RNA-seq revealed genes with differential expression
Eight each of the LMS and DDLPS samples that had sufficient RNA quality were further subjected to RNA-Seq analysis. Although fresh or snap-frozen tissue are generally preferred over FFPE samples for RNA extraction and sequencing analysis, FFPE samples are by far the most accessible tissue samples. Dedicated works have been done both by academic labs and commercial manufacturers to develop special protocols to perform RNA-seq from FFPE samples. They have succeeded in using exome capturing for partially degraded RNA. We used a New England Biolabs protocol and companion kits in sample preparation for RNA-seq (see Methods) which has been proven functional and are widely used in NGS work with clinical samples [16, 17].
In total we identified 2396 genes expressed with significantly different levels in the LMS and DDLPS (Fig. 4 and Supplementary Table S6). Unsupervised clustering was performed to examine the discriminant effect of these genes. We found that all the LMS naturally clustered together, and so did the DDLPS samples. Ranked the highest in differential expression is MDM2, with logFC = 4.12 (DDLPS over LMS) and adjusted P-value = 1.73e-52, consistent with previous studies [4, 34]. MDM2 is a proto-oncogene. It encodes a nuclear-localized E3 ubiquitin ligase and plays an important role in cell cycle regulation. Its copy number gain has been implicated in cancers including DDLPS [35, 36]. We also observed the gene copy number of MDM2 is correlated with its mRNA in DDLPS (Fig. 5a). Similarly, another key cell cycle regulator CDK4 is both highly upregulated in expression (logFC = 3.61, adjusted p-value = 1.09e-20) and amplified in gene copy number (Fig. 5a). These results suggest that hyper activation of cell cycle is highly correlated with and may possibly a driving force underlying DDLPS. This notion is supported by a recent study in human mesenchymal stem cell model in which co-expression of MDM2 and CDK4 produced DDLPS-like morphology . Additionally, we found JUN upregulation (logFC = 1.45, adjusted P-value = 0.0396) in DDLPS (Supplementary Table S6). JUN is a known player in blocking adipocytic differentiation so may have assisted tumorigenesis in adipose tissue.

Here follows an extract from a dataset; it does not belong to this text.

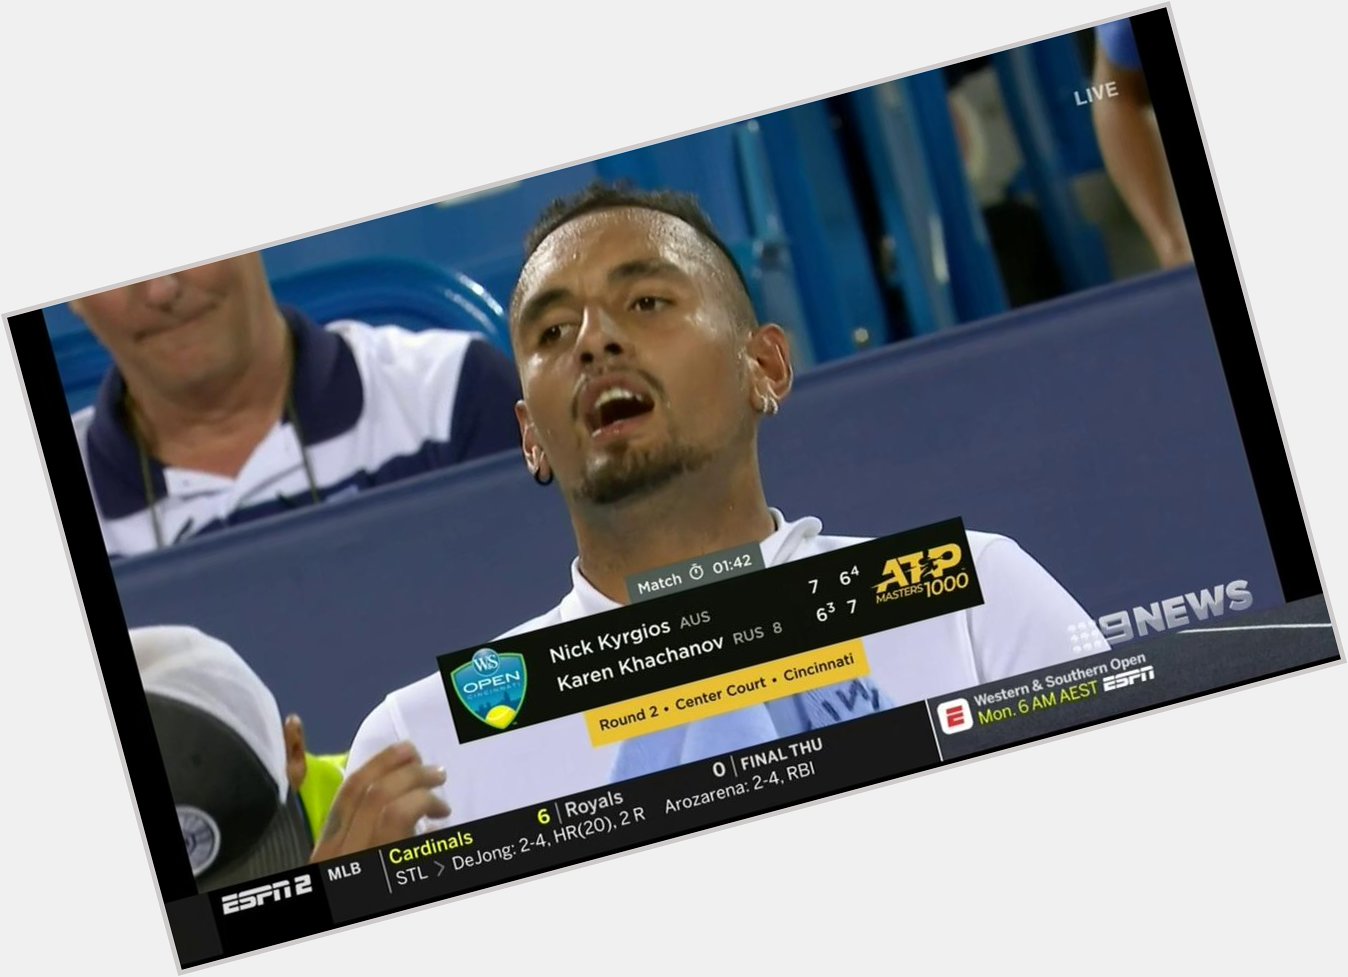  Happy birthday Nick Kyrgios. The gift that keeps giving...

Since we detected both CNA in WES and differential gene expression in RNA-seq, it would be of interest to see whether CNA is correlated with gene expression. Although the top varied genes such as MDM2 and CDK2 indeed have a good correlation between their DNA and mRNA level (Fig. 5a), the bulk of genes do not show this relationship, especially in the case of LMS (Fig. 5b-c). This may due to several factors. Gene expression is a tightly regulated cellular process. The copy number of available template DNA, especially for those which only have a moderate increase as the bulk of genes are, is only a small contributor of gene expression activity. The more important regulation can be attributed to the accessibility of the chromosomal region, and activities of promoters, specific transcription factors, and DNA dependent RNA polymerase machinery, and mRNA stability.

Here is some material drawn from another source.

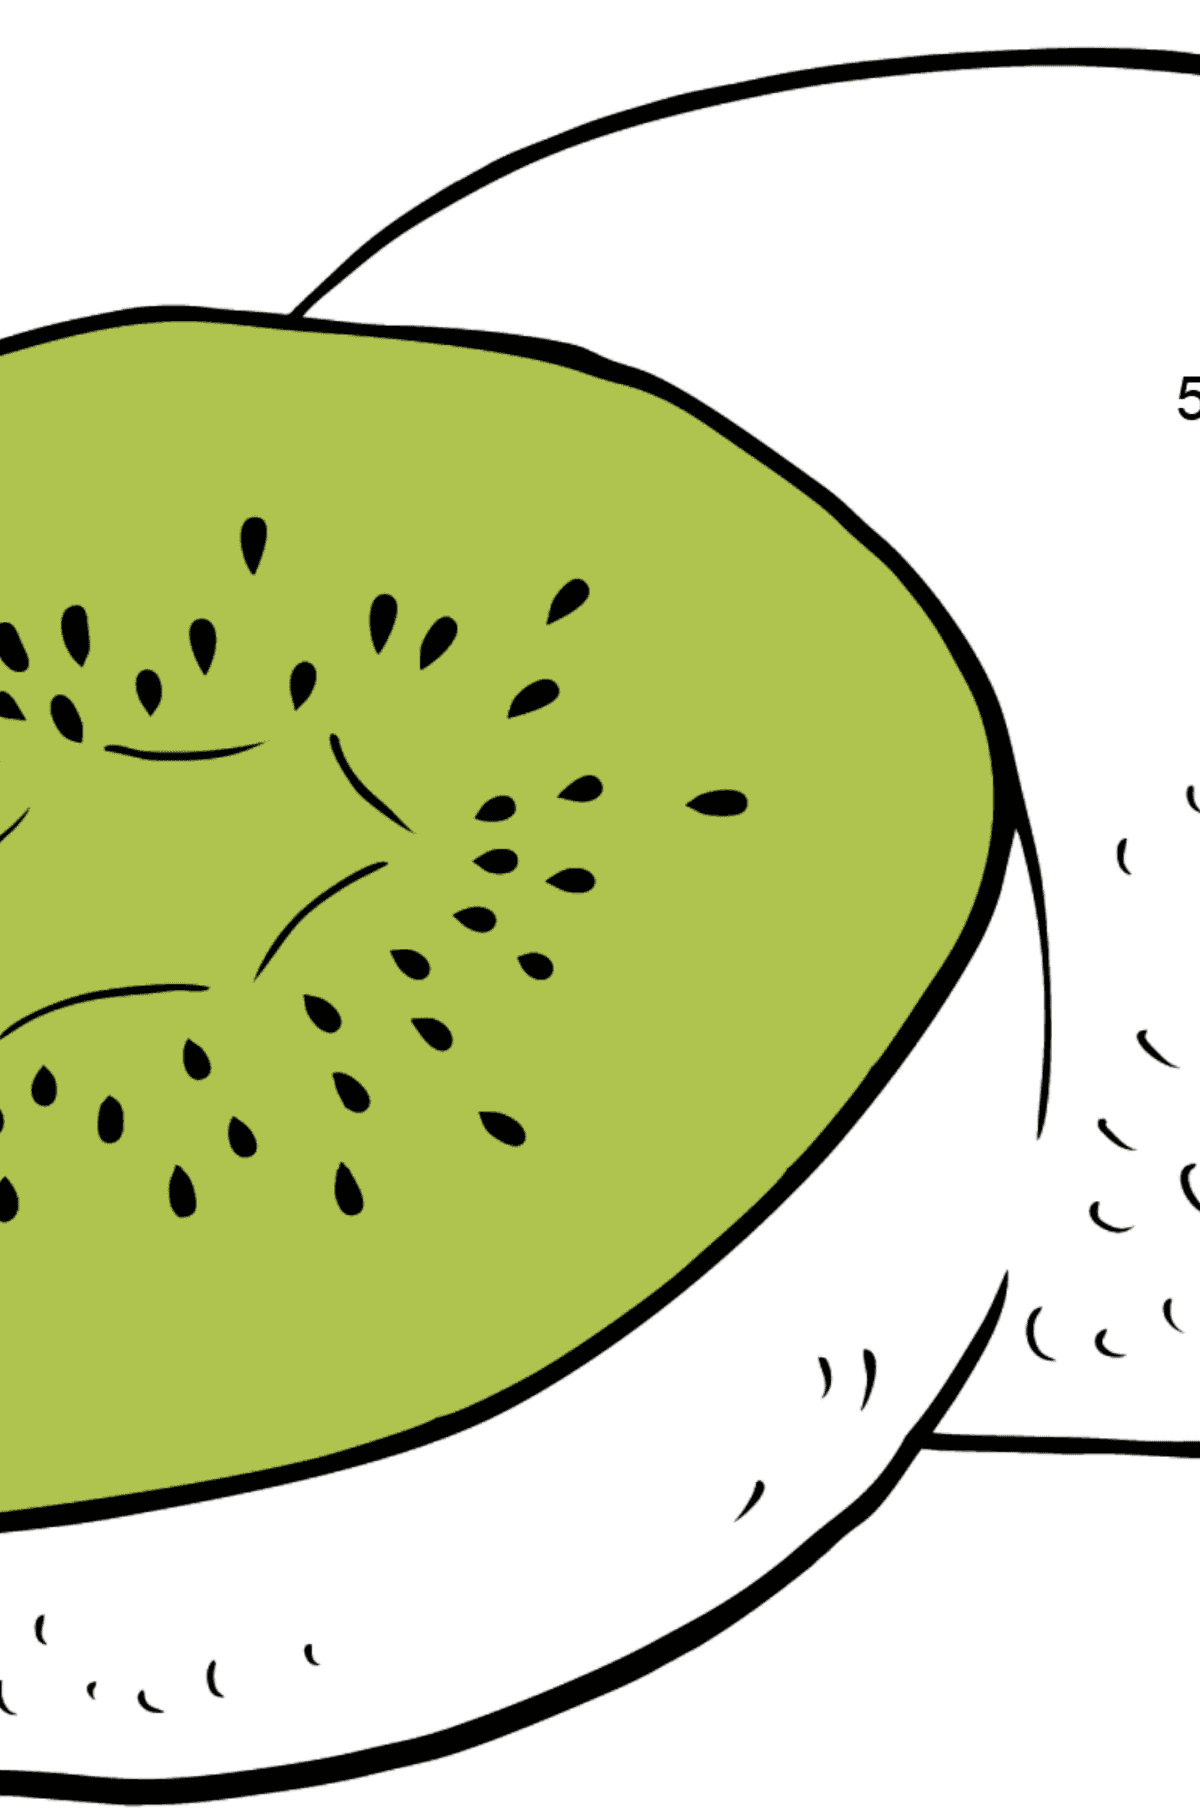 Kiwi coloring page - Math Coloring - Division for Kids

Pathway analysis of genes with differential expression
To investigate the pathways affected in LMS and DDLPS, we performed Gene Set Enrichment Analysis (GSEA) (Table 2 and Supplementary Table S7) [12, 21]. We found several pathways are enriched in DDLPS (ES > 0) while depleted in LMS (ES < 0). The pathways enriched in DDLPS include “Ubiquitin mediated proteolysis” (ES = 0.472, adjusted p-value = 0.002) which has MDM2 as a member. The pathways apparently enriched in LMS such as “Calcium signaling pathway”, “Vascular smooth muscle contraction”, and “Linoleic acid metabolism”(ES = − 0.37, − 0.44, and − 0.60 respectively, and adjusted P-values = 0.002 for all) are probably due to the difference of the tissue origins rather than tumorigenesis [38, 39]. Another notable pathway is spliceosome (ES =0.53, adjusted p-value =0.003) because alteration in transcript splicing may result in different sets of antigens differentially recognizable by immune cells in different tumor environments.

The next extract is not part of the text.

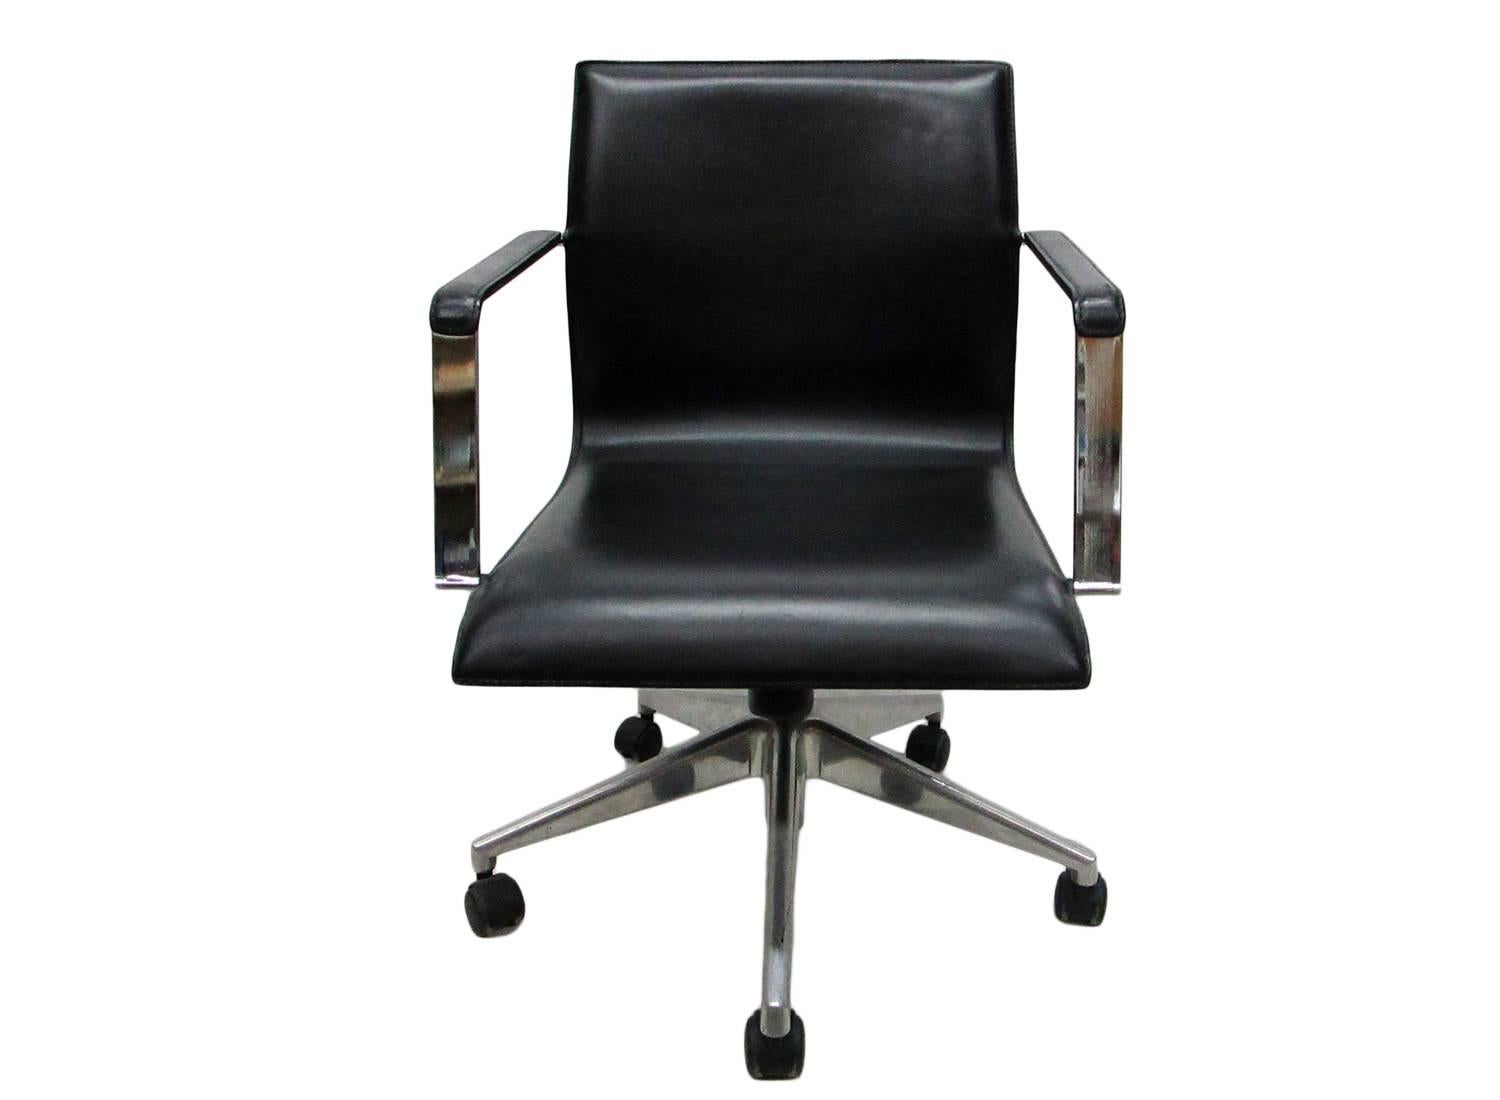 Five wheels French desk chair from the 1960s made in pressed leather and chrome.

Distinct gene fusion patterns between DDLPS and LMS
In the RNA-seq analysis, we identified in 3 (out of 8) DDLPS patients 4 potential gene fusion transcripts and in all 8 LMS patients 36 fusion transcripts in total (Fig. 6 a-c and Supplementary Table S1). The distribution of fusion events is biased towards DDLPS over LMS (p = 0.0195, Fig. 6c). There is no recurrent fusion transcript identified probably due to the small sample size. Fusion transcripts involving chromosome 12 are only found in DDLPS, including both inter- and intra-chromosomal rearrangements (Fig. 6b). MDM2 and RAB3IP are the most common fusion partners, and both are located in chromosome 12. There is also significant correlation between MDM2/CDK4 amplification and chromosome 12 rearrangement (P < 0.001, Fig. 7b). Gene fusions can occur as a result of chromosomal rearrangements such as translocation, interstitial deletion, or inversion during DNA replication, which are more common in DDLPS than in LMS (Fig. 6 a-b). Therefore, it is not a surprise to see gene fusions more frequently in DDPLS, especially in chromosome 12 where ring or giant marker chromosomes often occur [4, 40]. Peptides generated from the identified fusion transcripts may be a potential source of tumor neoantigens that can be targeted to produce safer and patient specific CAR-T cells for immunotherapy . Although RNA-seq by NGS method is good at high throughput survey of all possible gene fusion events in the sample, it relies on bioinformatic models to predict the fusion. This may potentially introduce errors. We selected all 4 predicted gene fusion transcripts in LMS and 8 out of 36 in DDLPS to verify with RT-PCR in tandem with Sanger sequencing. We were able to verify only 1 event in LMS but 7 out of 8 events in DDLPS (Fig. 6 d and Supplementary Table S1). This confirmed that gene fusions are relatively more frequent in DDLPS but scarce in LMS and further highlighted that neoantigen based immune therapy may have a higher success rate in DDLPS than in LMS.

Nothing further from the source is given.